Baseten's Model APIs are built for production environments with several key advantages:

#### Enterprise-Grade Reliability

* **Four nines of uptime** (99.99%) through active-active redundancy
* **Cloud-agnostic, multi-cluster autoscaling** for consistent availability
* **SOC 2 Type II certified** and **HIPAA compliant** for security requirements

#### Optimized Performance

* **Pre-optimized models** shipped with the Baseten Inference Stack
* **Latest-generation GPUs** with multi-cloud infrastructure
* **Ultra-fast inference** optimized from the bottom up for production workloads

#### Cost Efficiency

* **5-10x less expensive** than closed alternatives
* **Optimized multi-cloud infrastructure** for efficient resource utilization
* **Transparent pricing** with no hidden costs or rate limit surprises

#### Developer Experience

* **OpenAI compatible API** - migrate by swapping a single URL
* **Drop-in replacement** for closed models with comprehensive observability and analytics
* **Seamless scaling** from Model APIs to dedicated deployments

### Special Features

#### Function Calling & Tool Use

All Baseten models support structured outputs, function calling, and tool use as part of the Baseten Inference Stack, making them ideal for agentic applications and coding workflows.

### Tips and Notes

* **Dynamic Model Updates:** Cline automatically fetches the latest model list from Baseten, ensuring access to new models as they're released in real time.
* **Multi-Cloud Capacity Management (MCM):** Baseten's multi-cloud infrastructure ensures high availability and low latency globally.
* **Support:** Baseten provides dedicated support for production deployments and can work with you on dedicated resources as you scale.

### Pricing Information

Current pricing is highly competitive and transparent.
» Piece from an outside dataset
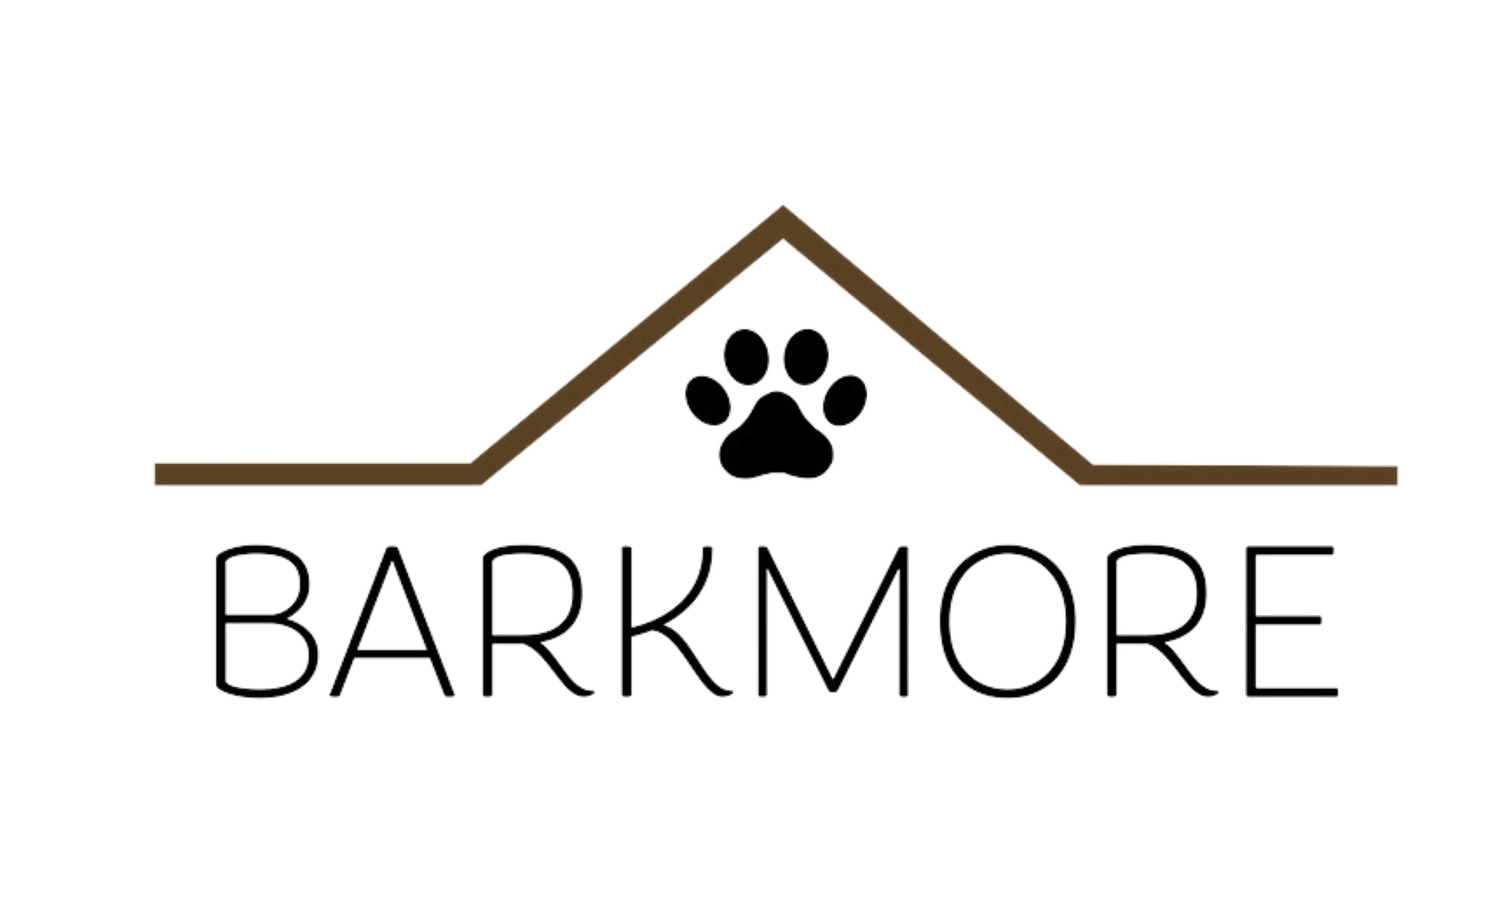 The Barkmore

For the most up-to-date pricing, visit the [Baseten Model APIs page](https://www.baseten.co/products/model-apis/). Prices typically range from \$0.10-\$6.00 per million tokens, making Baseten significantly more cost-effective than many closed-model alternatives while providing access to state-of-the-art open-source models.